On being a SWOT or a PEST

This I’ve heard many times:

“Oh we’ve done a SWOT & PEST analysis, we don’t need any help with that”

Me: “Great, can I see them?”

And then I get handed a one-page matrix of each with bullet points.

Me: “OK, how did this inform your thinking on how you react to these issues or drivers?”

[blank face]

This is important …

It’s important to identify the internal and external factors facing your organisation and really important that you then work out how you are going to respond.

Strengths, Weaknesses, Opportunities & Threats

If you’ve identified a demotivated staff team or dwindling funding source in your SWOT analysis but you haven’t addressed what you are going to do about it in your strategy you are setting yourself up to fail.

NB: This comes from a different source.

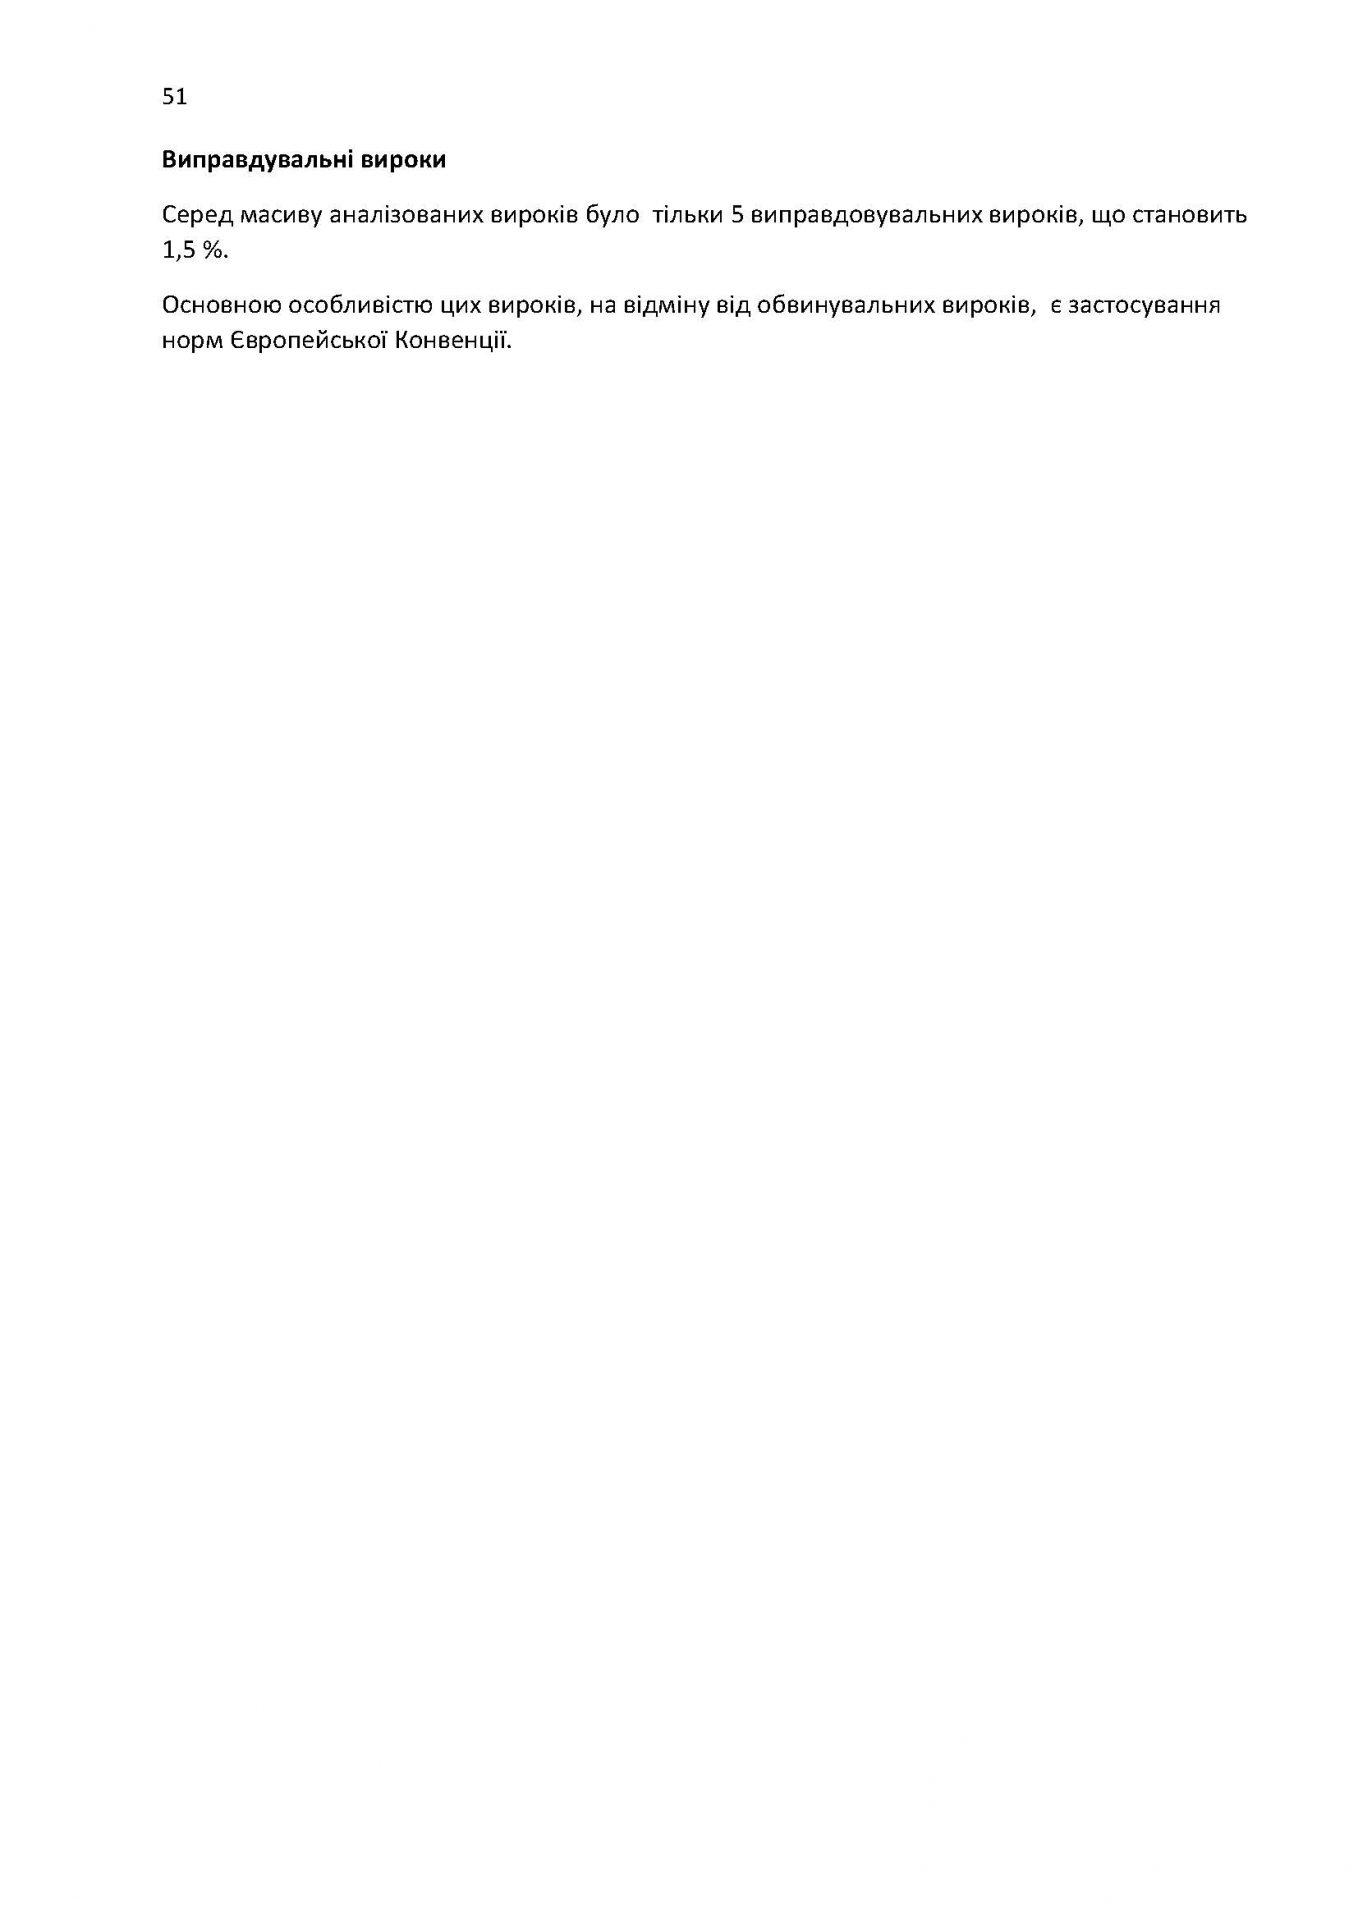 Draft Report monitoring print USAID_Страница_51

This isn’t limited to weaknesses/threats, if your strength is a dedicated team of volunteers but you haven’t considered how best to utilise and retain them in order to achieve your goals you are not planning to succeed.

So how do you go beyond the bullet to get to the meaning of the point?

A good facilitator won’t let you gloss over this in your planning sessions.  Ask yourself why something deserves a place on your matrix.  Keep asking why until you get to the heart of the matter.  If you don’t know why, more research may be needed.

When you’ve identified why – for example you know that staff are demotivated because the training budget has been slashed – you can begin to answer ‘so what‘?  So what are you going to do about it? How will you respond?  This should form the core of your aims and objectives.

Political, Economic, Social & Technical factors

To have a good understanding of the environment in which you operate a PEST analysis is key.  (Some organisations add a Legal and Environmental analysis to the mix).  But similarly, it’s not enough to identify the factors or drivers that are likely to influence your organisation.  You must consider how to respond: ‘so what‘?  It can be helpful to focus on the most important ones by prioritising them.

I recommend checking out Third Sector Foresight a helpful online resource from NCVO.  They have some great planning tools, including a detailed analysis of the drivers that should be considered in your PEST analysis and some suggestions on how to rank them.

One final point on being a PEST or SWOT, don’t get hung up on categories and in which box to put what.  The most important thing is that you identify the key internal and external factors that are likely to impact on your organisation and then consider how to respond.